- Directed by: Jac Hamman; Sarah Scrimgeour;
- Written by: Max Lang; Suzanne Lang;
- Based on: Superworm by Julia Donaldson
- Produced by: Martin Pope; Barney Goodland;
- Starring: Olivia Colman; Matt Smith; Patricia Allison; Kobna Holdbrook-Smith; Rob Brydon; Paul Thornley; Cariad Lloyd;
- Edited by: Robin Sales
- Music by: René Aubry
- Production companies: Magic Light Pictures Blue Zoo Animation Studio
- Distributed by: BBC ZDF
- Release date: 25 December 2021 (BBC One);
- Running time: 25 minutes
- Country: United Kingdom
- Language: English

= Superworm (film) =

2021 British short film

Superworm is a 2021 British short computer animated TV film based on the 2012 picture book of the same name written by Julia Donaldson and illustrated by Axel Scheffler. Directed by Jac Hamman and Sarah Scrimgeour, the film was produced by Martin Pope and Barney Goodland of Magic Light Pictures and was adapted from the book by Max Lang and Suzanne Lang, with the score composed by René Aubry.
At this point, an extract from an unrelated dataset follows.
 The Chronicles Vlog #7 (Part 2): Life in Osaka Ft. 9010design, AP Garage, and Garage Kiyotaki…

The film follows a titular character who helps his friends when they get in trouble, until one day the evil Wizard Lizard has him kidnapped and Superworm's friends have to save their hero.
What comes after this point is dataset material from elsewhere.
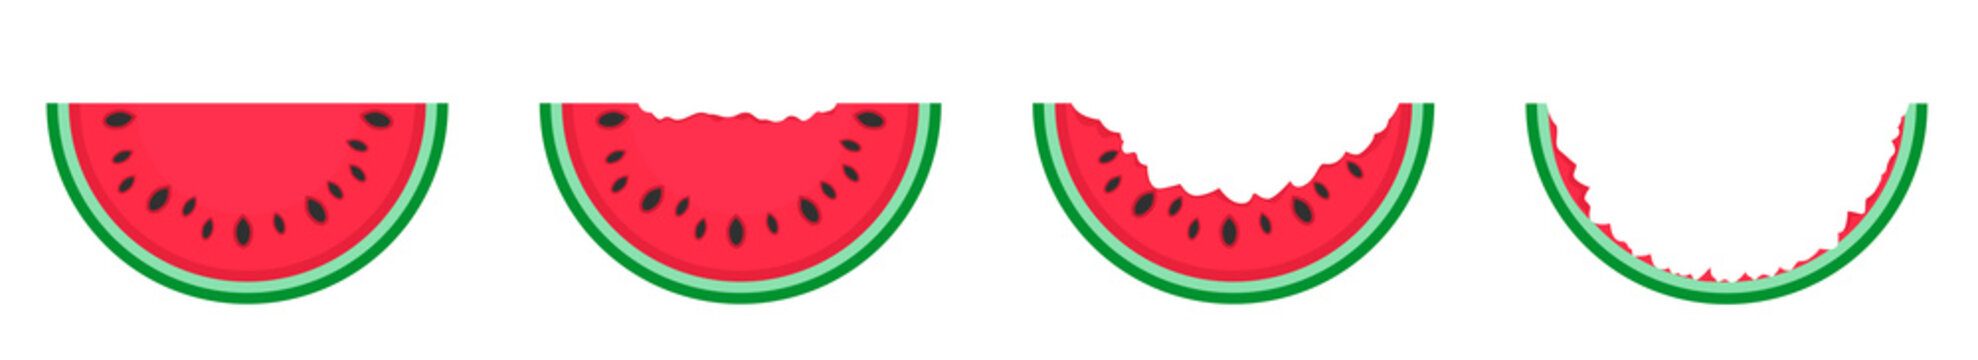 Cut Watermelon set

The film stars Olivia Colman, Matt Smith, Rob Brydon, Kobna Holdbrook-Smith, Patricia Allison and Cariad Lloyd. The film was first broadcast on BBC One on 25 December 2021.

== Plot ==
Superworm, a super-strong and long worm, trains to become a superhero. He is joined by a caterpillar, who eventually enters a cocoon, while Superworm continues training.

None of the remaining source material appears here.